Rep. Jerrold Nadler appeared with his fellow New York Rep. Peter King to discuss plans to build the Islamic center and mosque near ground zero on CNN's State of the Union. Nadler made a few really great points during this segment which more Democrats need to be repeating. The people opposed to the center being built are conflating Al Qaida with Islam, no one is objecting to the mosque in the Pentagon, the people who want to build the center already have a mosque a few blocks away which no one objected to and we don't put the Bill of Rights and religious freedom up to a vote.
He also said he'd respect the Republicans' sincerity on the issue if they'd voted to take care of the first responders instead of playing politics with the health of those that rushed into those buildings on 9-11. I couldn't agree more.
NADLER: Well, I certainly appreciate the sensitivities of some of the families of 9/11. There are others who have expressed support for it. The press has concentrated on those who have opposed it. But frankly, ground zero is hallowed ground. Two blocks away, first of all, is not so hallowed ground. Second of all, we should not -- government officials should not be in a position of pressuring people where to build their mosque or their church or whatever.
Third of all, as much as I respect the sensitivities of people, there is a fundamental mistake behind it, and that is how can you -- and I can quote any number of some of the people who have commented on it, and what they are saying essentially is how can you put a mosque there when, after all, Muslims attacked us on 9/11, and this is ripping open a wound?
Well, the fallacy is that Al Qaida attacked us. Islam did not attack us. Islam, like Christianity, like Judaism, like other religions, has many different people, some of whom regard other adherents of the religion as heretics of one sort or another.

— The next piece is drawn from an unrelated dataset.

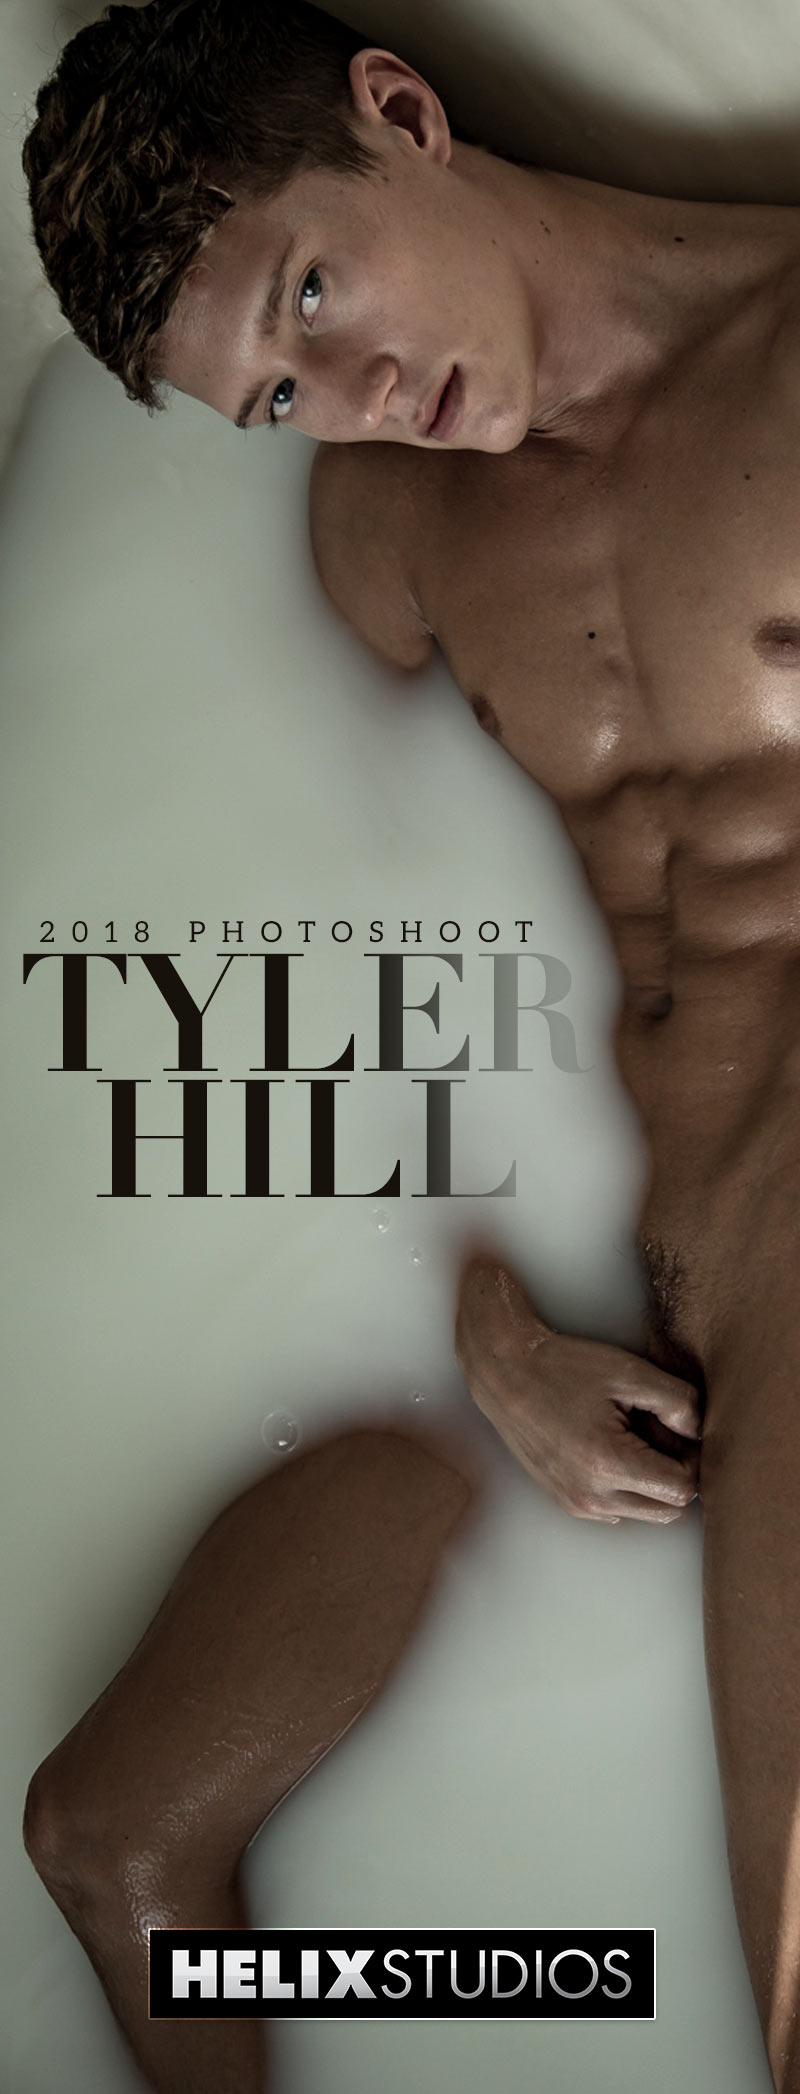 Tyler Hill's 2018 Photoshoot at HelixStudios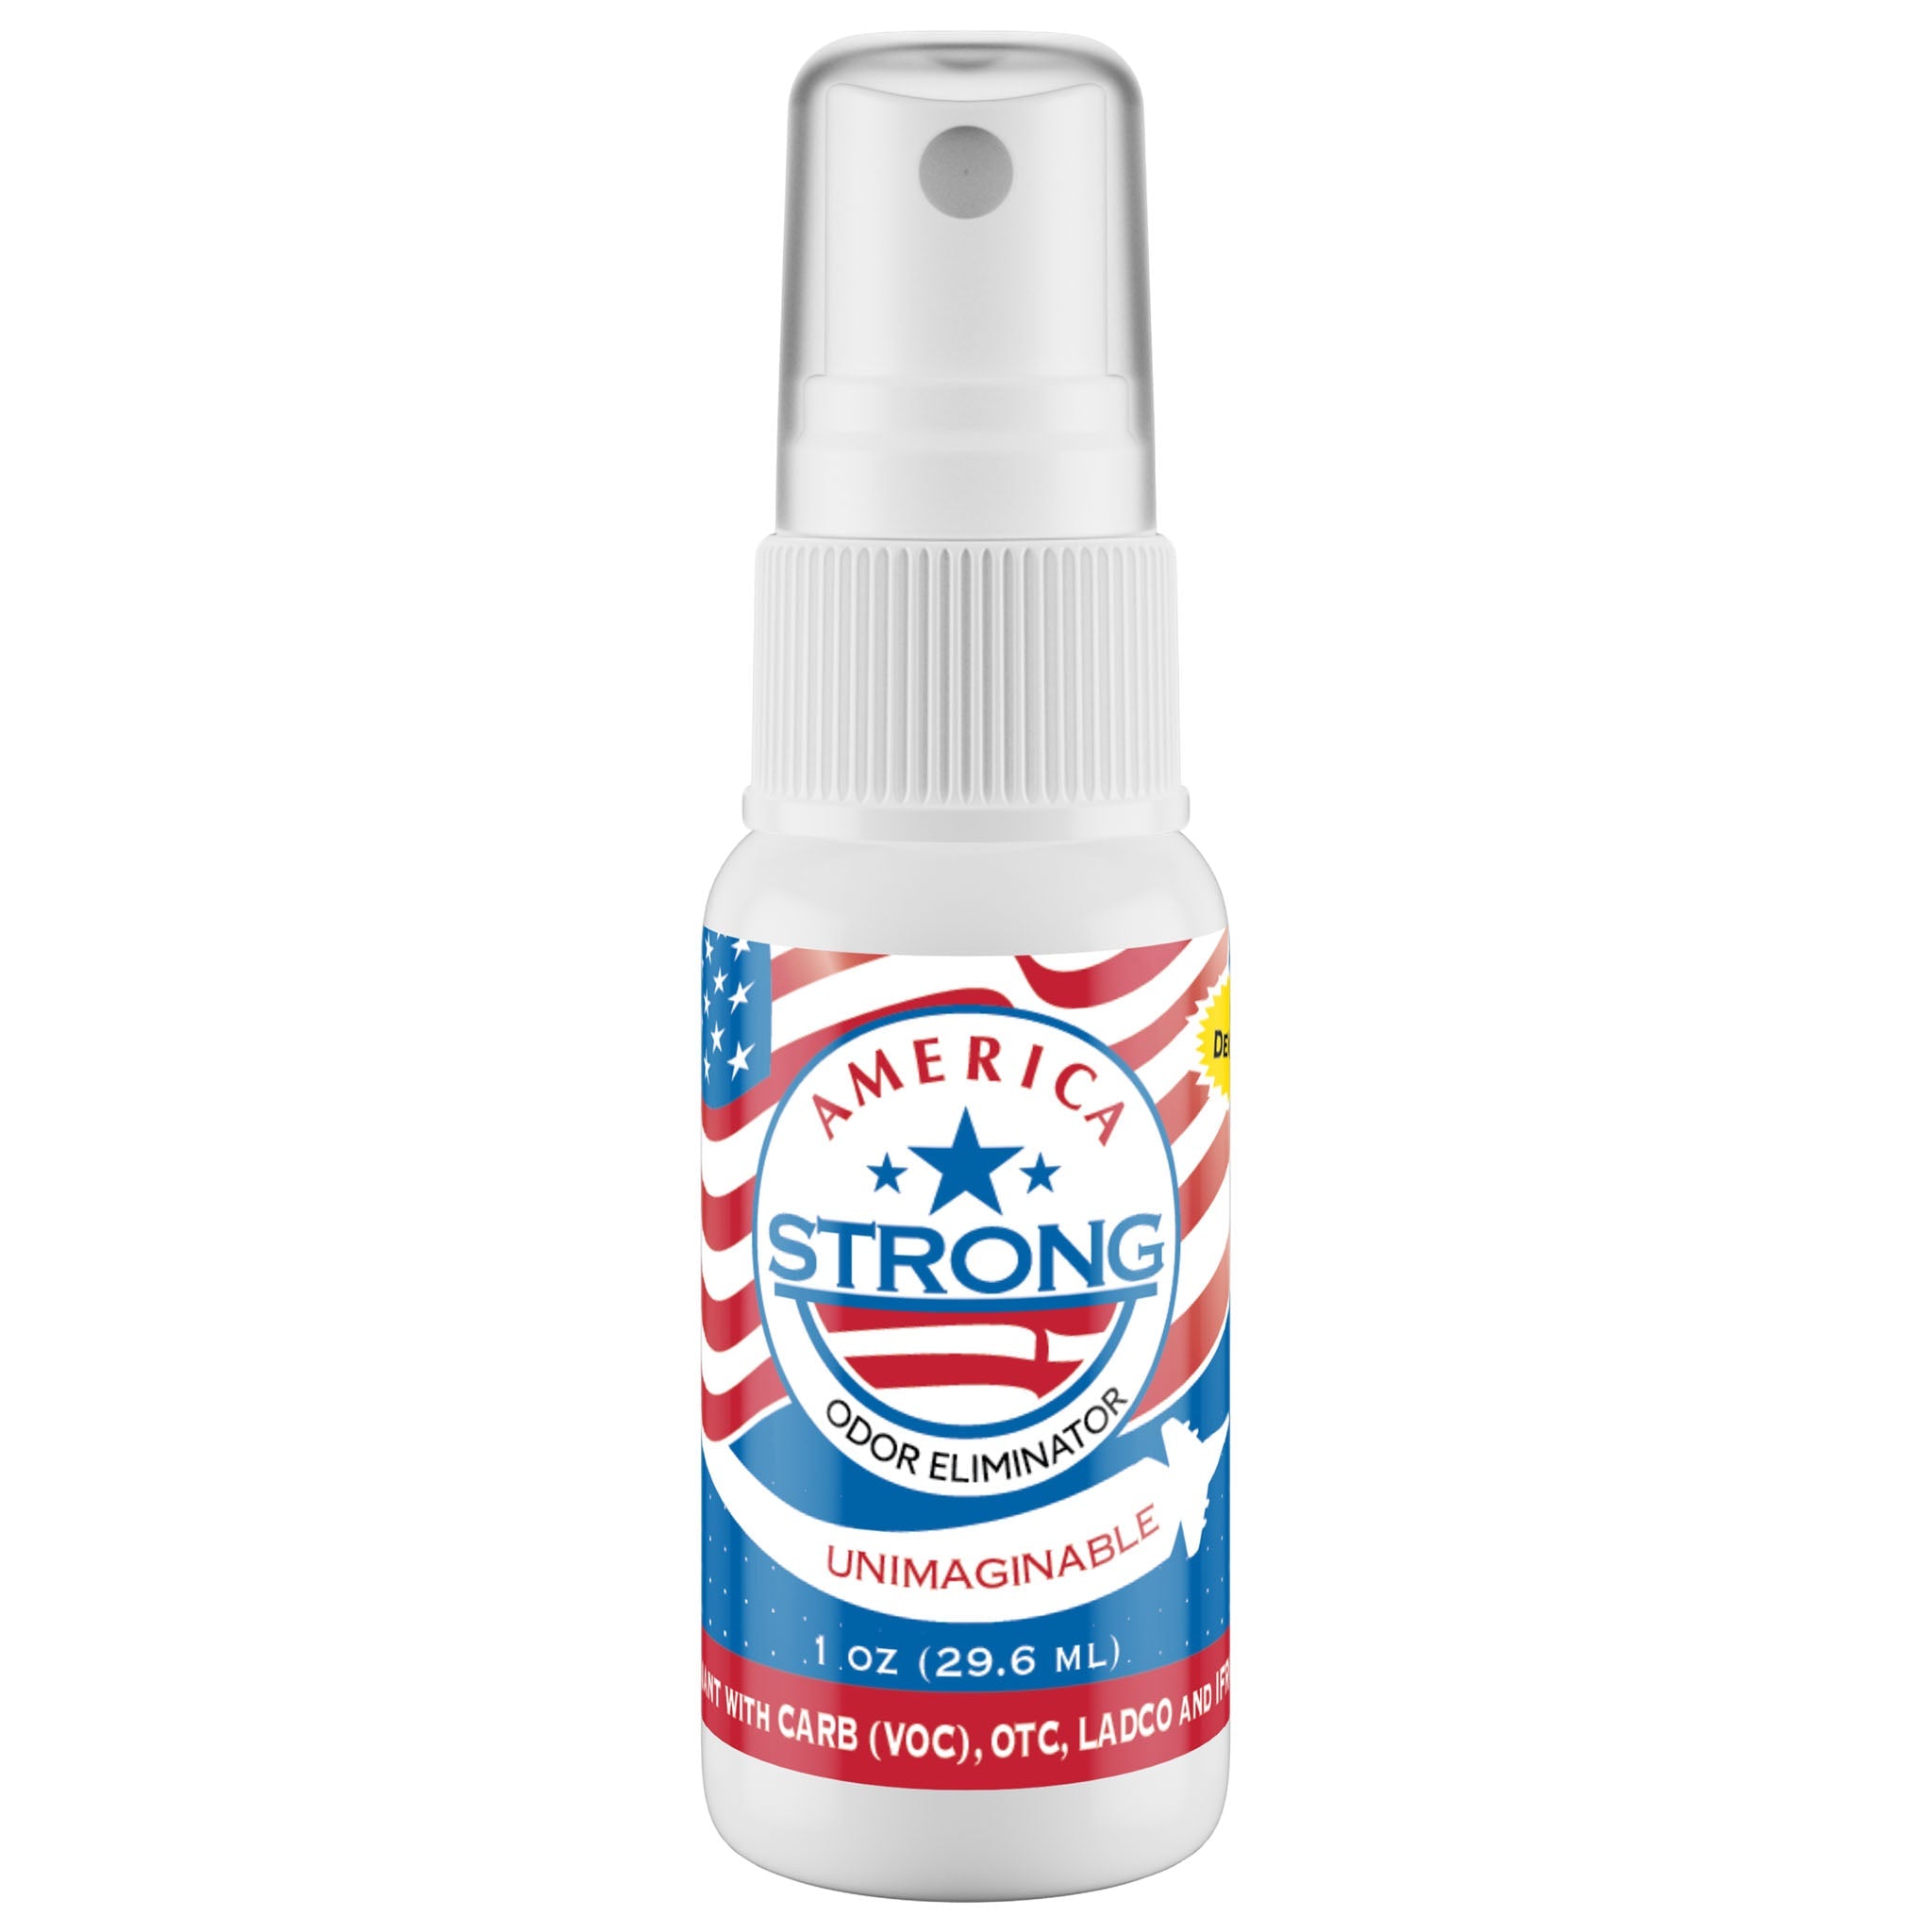 America Strong Odor Eliminator - Unimaginable Scent

It is only insensitive if you regard Islam as the culprit, as opposed to as the culprit. We were not attacked by all Muslims. And there were Muslims who were killed there, there were Muslims who were killed there. There were Muslims who ran in as first responders to help. And we cannot take any position like that.
NADLER: I am not going to comment on that, because I don't think it's proper for any government official to pressure them in any way. And if I were to say that I think it's a good idea for them to do it, since I am a government official, that would be government pressuring them.
But it's up to them. If they want to do that, they're certainly free to do it.
But I want to point out several things. One, there is a mosque in the Pentagon, which is also hallowed ground. No one objects to that. Second, the people who want to build this facility, which is partially a mosque and partially a community center, have a mosque a few blocks away from there, which no one has objected to.
And thirdly, objecting to this mosque would be as objectionable if you wouldn't object to a church or a synagogue in the same place because that's blaming all Islam and you can't blame an entire religion.
And finally, I would take the sincerity of many of the Republican critics of this, Peter King very much accepted, much more -- I would understand the sincerity much more if they were supporting, as Peter is, but very few other Republicans are, the bill to give health care coverage to the 9/11 heroes and responders which all but 12 Republicans voted against in the House last week.
NADLER: Well, I did not say they were playing politics. I said I would respect their sincerity more.
But we do not put the Bill of Rights, we do not put the religious freedom to a vote. The reason we have a Bill of Rights is that you have your religious rights, your right to freedom of speech for the press et cetera, whether majorities like you or not, frankly.
I hope that people will understand that government has no role in this. Peter has now said this. Many of the people who have been saying this -- who have been on the other side have not been willing to say that. Peter has, I appreciate that.
As to whether the imam wants to have the mosque somewhere else, that's up to them, and government should not pressure them one way or the other.